Red horses are racing above mountain tops. They are flying over the hills, immense and powerful. Plumes of steam rise from their nostrils. From the steam, men fall to the ground; they appear to be tiny stick figures in proportion to the horses.

A huge raven soars above a place where water is swirling, counter-clockwise and clockwise, between the mountains. The twin pools are also labyrinths.

Between the pools is a pathway along which a splendid red horse is prancing. It becomes a lovely woman with streaming red hair. She wears a green robe, with a band of golden keys along the hem. I am awed by her beauty and power.

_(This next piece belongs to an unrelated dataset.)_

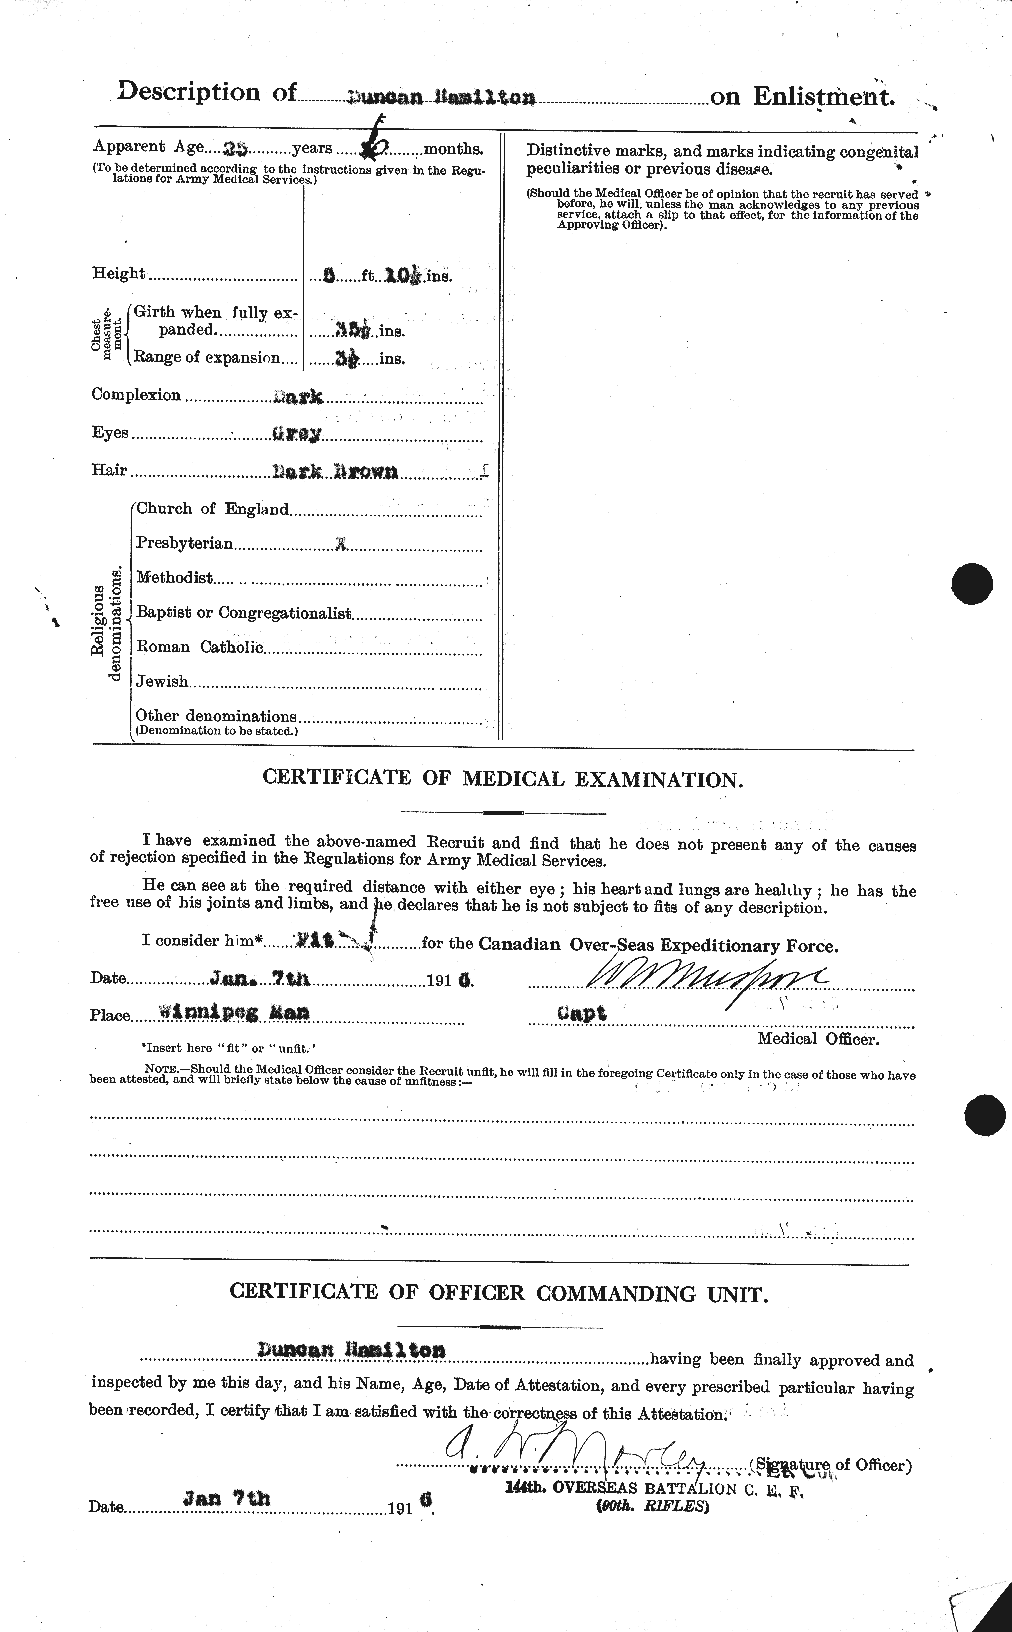 Personnel Records of the First World War - CEF 375365b

 The stick-men are gathered up by priestesses, who are giants in proportion to them. Half are placed in one pool, the other half in the other. The men revive and grow in size. They are assembled at the center of each pool, in great numbers.

 

This is the dream of an American woman, shared in one of my circles. She was mystified by the red horses, and knew very little about the Old World traditions of red horses and goddesses in green and gold. In our explorations, we  learned, once again, that spontaneous night dreams can open doors between the worlds, and take us into imaginal realities inhabited by the gods, demons and ancestors of different cultures – even when we have little or no prior conscious knowledge of those cultures.

 

Red horses are Death Horses in Irish legend. When I looked inside the dream – in a group exercise in shamanic tracking – I saw that the men who were falling through the steam were men who had died, in one sense or another. The twin pools, or water labyrinths, were gates to alternative afterlife situations. Those who went into the pool on the left –  the one where things moved counter-clockwise – would go down and stay close; they would be held in a realm close to the earth for cleansing and reeducation. They included criminals and abusers. Their choices would be limited. They were not exactly bound for “hell”, but for places where an enlightened being would not want to be. Their pool could be seen, nonetheless, as a place of healing – of soul cleansing and restoration. The pool on the right offered many more options, including that of traveling upward to a place where new life/afterlife choices will be made. This one seemed to turn sunwise, ie clockwise.

 

The beautiful red-haired horsewoman, as I saw her, was Epona, a Celtic horse goddess who may be related to the Rhiannon of Welsh myth. I had not realized until now that she is a Death Goddess, among her other guises. But then, a great goddess can be whatever she chooses! And my research quickly confirmed what was learned in tracking the dream.

 

Epona’s name comes from the Gaulish epos, “horse”. She is usually depicted riding side-saddle on a mare or between twin horses. She was hugely popular in Gaul and the Rhineland, but was also known in Britain. She was regarded as a patron by cavalrymen; the Aedui, used as auxiliaries by Julius Caesar, prayed to her to protect their horses (and themselves) in battle. To the wider community, she was a Mother Goddess, and her imagery often suggests fertility; on a stone relief of Epona at Brazey inBurgundy, a foal is beneath the mare she is riding, possibly suckling. She often appears carrying baskets of fruit or loaves of bread. She was awarded her own official festival in the Roman calendar, on December 18.

 

Miranda Green comments, in her excellent book Animals in Celtic Life and Myth, “The horse is absolutely crucial to Epona’s definition: the equine symbolism gave rose to many different levels of meaning, with the result that Epona was worshipped not only as patroness of horses but also as a giver of life, health, fertility and plenty, and as a protectress of humans even beyond the grave.”

 

Epona was indeed associated with death and rebirth beyond the grave. She is often depicted in Gaulish cemeteries. At La Horge-au-Sablon, a burial ground of the Medioatrici at Metz (eastern Gaul) images of Epona were offered by relatives of the deceased; one depicts the goddess on her mare, leading a mortal to the Otherworld.

 

Tracking a dream of red horses and a red-haired horsewoman led deep into the realm of Epona, revealed her full functions as a Death Goddess in ways that were previously unknown to me and are not explained in books. Dream archaeology takes us to places even the most sensitive diggers can’t reach  reach by other means!